Shallow copy instead of deep copy

We're deep copying everything, even for parts of the buffer that don't change. This isn't necessary - we could just create pointers to rows that haven't changed. This could prevent a lot of duplicate storage.

Serialize and compress the state history

If we have to store the editor state, maybe we can make it smaller. Gzip can compress our example text file with ratios between 2.8:1 (quickest compression level) and 3.4:1 (slowest compression level). This is something that I could prototype in a few lines of Python or Go, but in C I'm not familiar with the ecosystem, so it might take some time to develop.

Compute a delta between different states

…and use it to recreate state on restore. This is a similar situation to serialization/compression for me - it's a lot more work to do this than to just write individual undo operations for the commands in the editor.

19.13. Rethink the generalised state-restore approach entirely?

Ultimately there are cases where all of these approaches can fall down, especially when dealing with very large files, or files with very long lines. There are also tradeoffs to make on whether we can compute the values that we're no longer storing in memory within a latency that's suitable for the user.

For any performance-conscious use case I think it will be more efficient to just store specific undo operations for each action that you want to undo - ie. follow the command pattern.

19.14. Next steps

I could have implemented shallow copy (as that sounds interesting), or even just written specific undo actions for all my editor operations.

Instead, I went on a massive tangent to see how Emacs, Vim and Nano implemented their undo features.

"Build your own text editor"

hi@mattduck.com (Matt Duck) — Wed, 22 Jan 2020 00:00:00 +0000

I recently followed snaptoken's build your own text editor booklet, which talks you through building a basic text editor in about 1000 lines of C (the kilo editor, written by Antirez). It was fun, and I'd recommend it to anybody who either (1) is interested in how graphical terminal programs work, or (2) wants to play a bit with C.
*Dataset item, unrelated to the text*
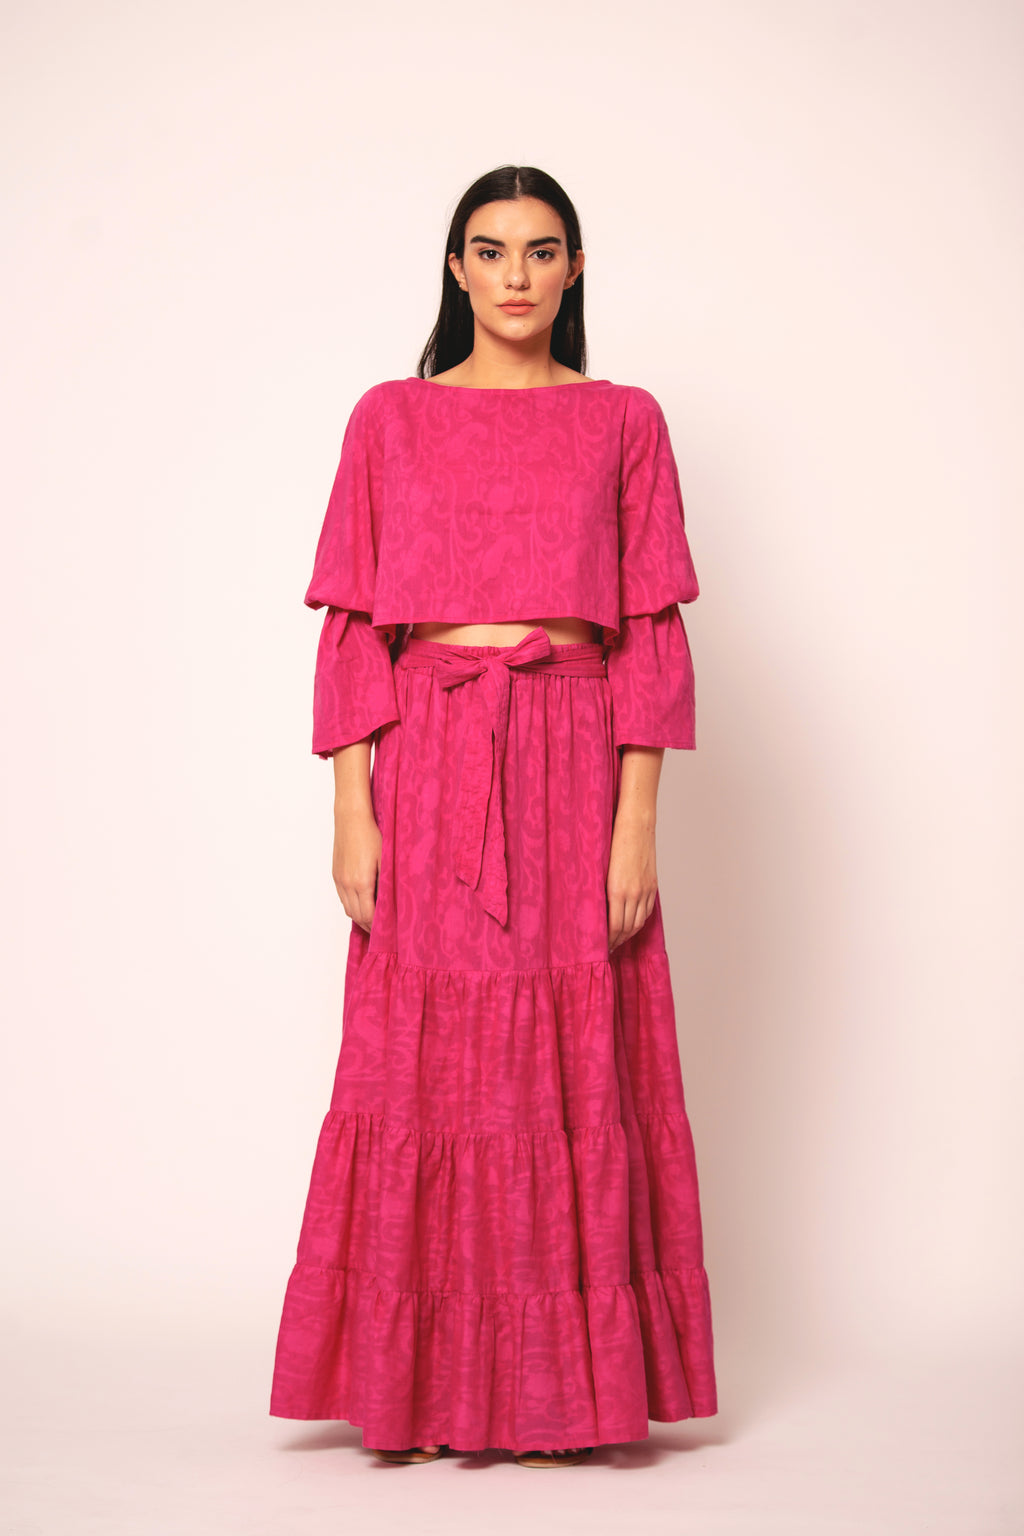 Beyond by Vera Gia Skirt in Pink Jacquard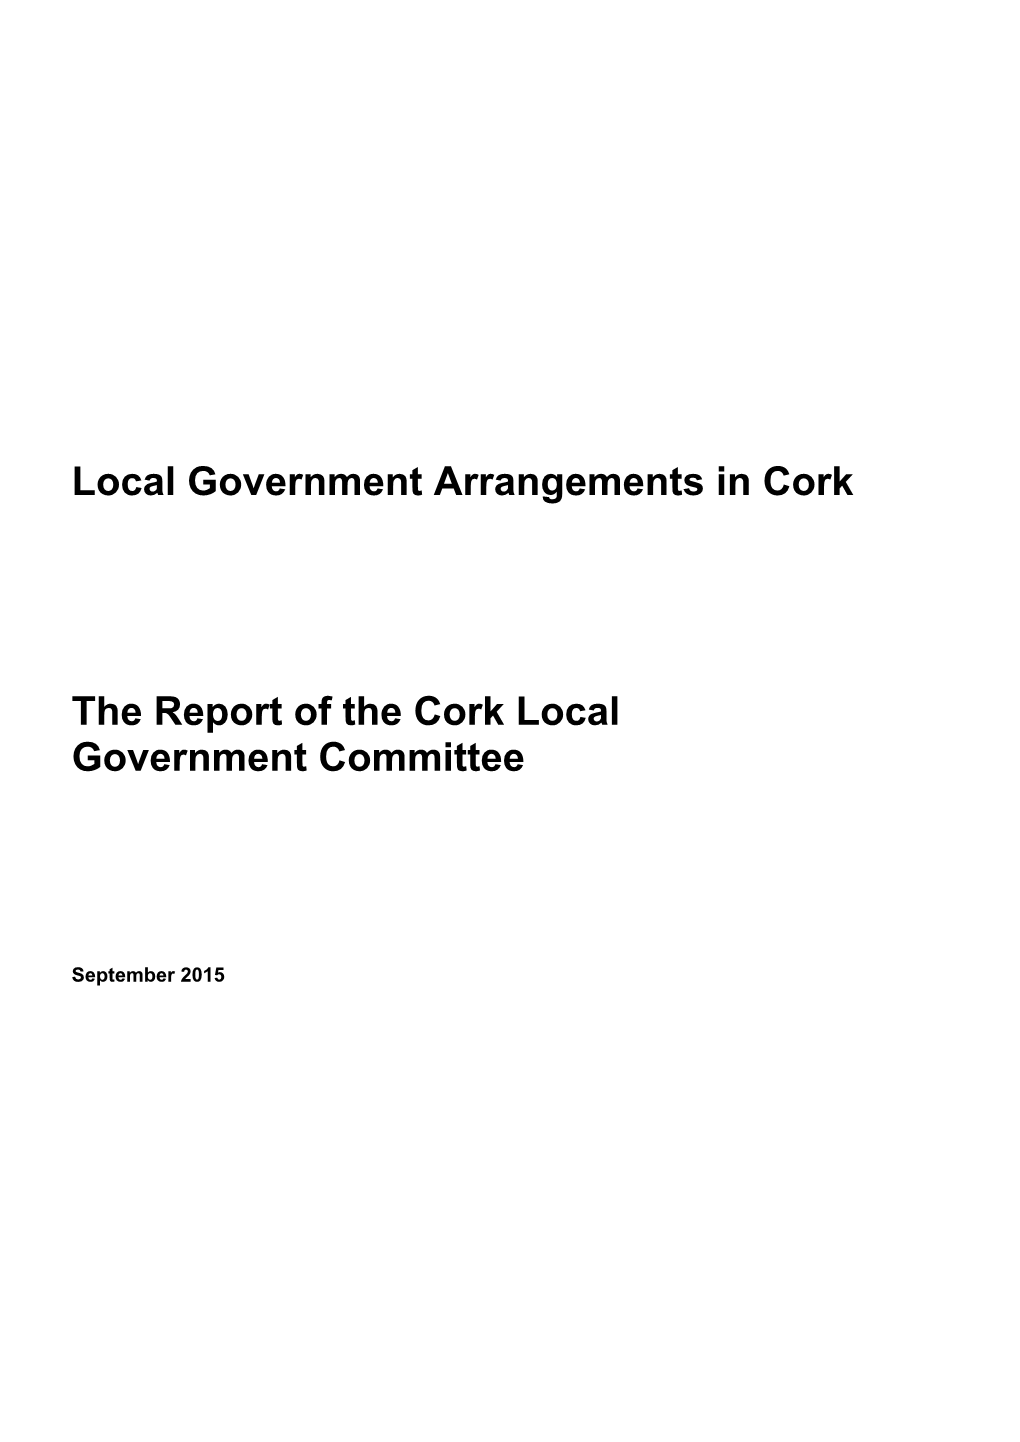 Local Government Arrangements in Cork the Report of the Cork Local

20.1. What was in the chapters?

Roughly in order, the steps were:

Write a main loop that uses read() to respond to input from stdin.
Put the terminal into "raw" mode - disable echoing, read one keypress at a time, etc. Save and restore the terminal configuration on program exit.
Add cursor movement.
Add file I/O and the ability to view files.
Add scrolling for when the file is bigger than the screen size.
Add a "rendering" translation layer which case be used to eg. display \t as a fixed number of spaces.
Add a status bar that shows the filename, current line etc. Also add a message area that can display user messages.
Add the ability to insert and delete text, with a "dirty" flag that tell the user if the buffer has been modified since last save.
Add a generic prompt, and then use it to implement incremental search.
Add basic syntax highlighting, which is triggered by filetype detection. This only supports C files, but can be extended.

20.2. The program structure

It was quite simple. There were two main data structures: the global editor, and the row. The editor kept an array of pointers to rows, each row representing a single line of text (plus some metadata, eg. the row size). The editor also kept track of the cursor position, the file offset for scrolling, the current status message, etc.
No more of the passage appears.